I think he's arguing that computer vision is a research subject - most startups are doing known things (in the sense of "this has been successfully done before") or at most development ("this has been successfully done before - in the lab").
And yet facial-recognition is now freely available to consumers (Picasa, Facebook etc), our phones have blink detection, 3D motion detection and tracking is available to consumers for ~$100 (Kinect).

I'm not familiar with the PASCAL object detection challenge, but I just had a quick look. It's hard - if I understand it correctly, classifiers had to categorize photos into containing 5 types of objects form the 1000 leaf nodes of http://www.image-net.org/challenges/LSVRC/2010/browse-synset.... (Based on the description from http://www.image-net.org/challenges/LSVRC/2010/pascal_ilsvrc...). I'm having trouble understanding the scoring scheme (how is flat cost calculated?), but based on this I'm quite impressed.

I'm human (yes, I swear it's true), and I couldn't classify things like different breeds of poodle: http://www.image-net.org/synset?wnid=n02113712

There are many different actual tasks that technically are PASCAL challenges, but when people say "PASCAL VOC challenge" (Visual Object Classes), they typically mean either the _classification_ or _detection_ challenge:

Classification: For each of the twenty classes, predicting presence/absence of an example of that class in the test image.

Detection: Predicting the bounding box and label of each object from the twenty target classes in the test image.

Neither uses the full ImageNet data set. Instead, it's images from 20 classes of object, like shown here: http://pascallin.ecs.soton.ac.uk/challenges/VOC/voc2010/exam...

Here are the results: http://pascallin.ecs.soton.ac.uk/challenges/VOC/voc2010/resu...

I find the results quite impressive - especially for classification - 90%+ precision for detecting people in photos seems like a good result.

> I cannot understand why it is that so many obviously very intelligent people decide that we need another computer vision-based startup. Because the unfortunate truth is that computer vision (right now) doesn't work.

This seems like a really good reason to create another computer vision-based startup.

No, it seems like a very good reason to take useful/promising but improperly commercialized research and turn it into a product. A startup rarely has enough runway to do the scientific research needed to solve a problem like this.
It is certainly rare, but Numenta has been doing it for the past 6 years, and for several years before that at the Redwood Neuroscience Institute from which it spun off.

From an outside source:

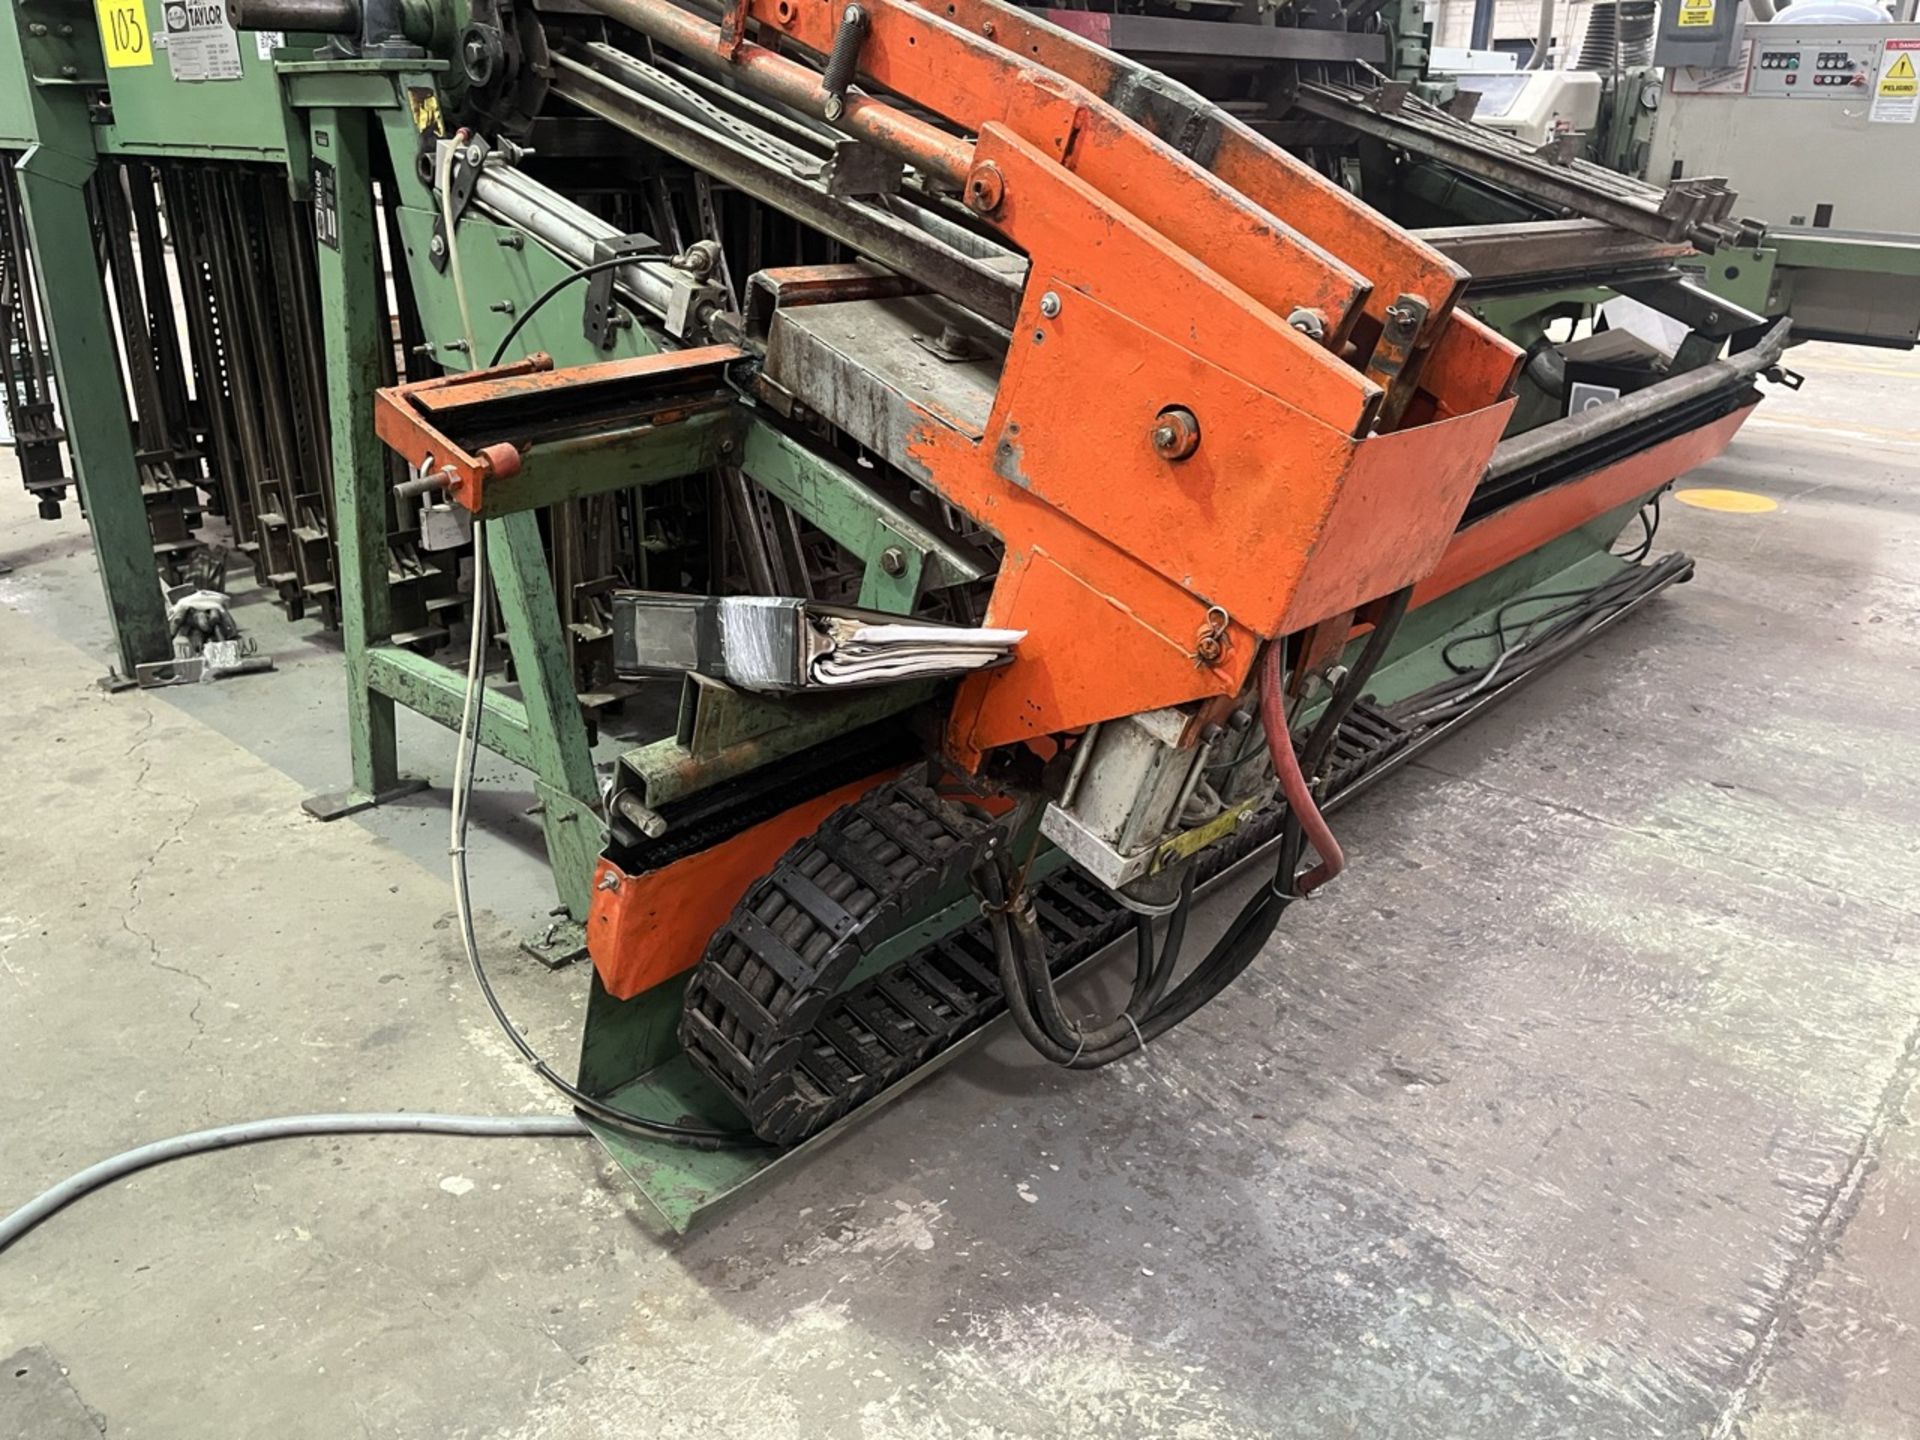 Taylor Octopus clamp holder and molder, Model 800169, Serial No. W493, Includes band to place the g - Image 9 of 12

In doing so, Numenta undoubtedly stands on the foundation of significant progress in academia, but still has to do a fair bit of what one might call "research engineering."
Basic R&D is a cost that successful businesses--especially small ones--tend to externalize. Microsoft does a bit, Bell Labs used to do more; but you just don't start a FTL spaceship company before basic research has established a coherent theory of FTL travel.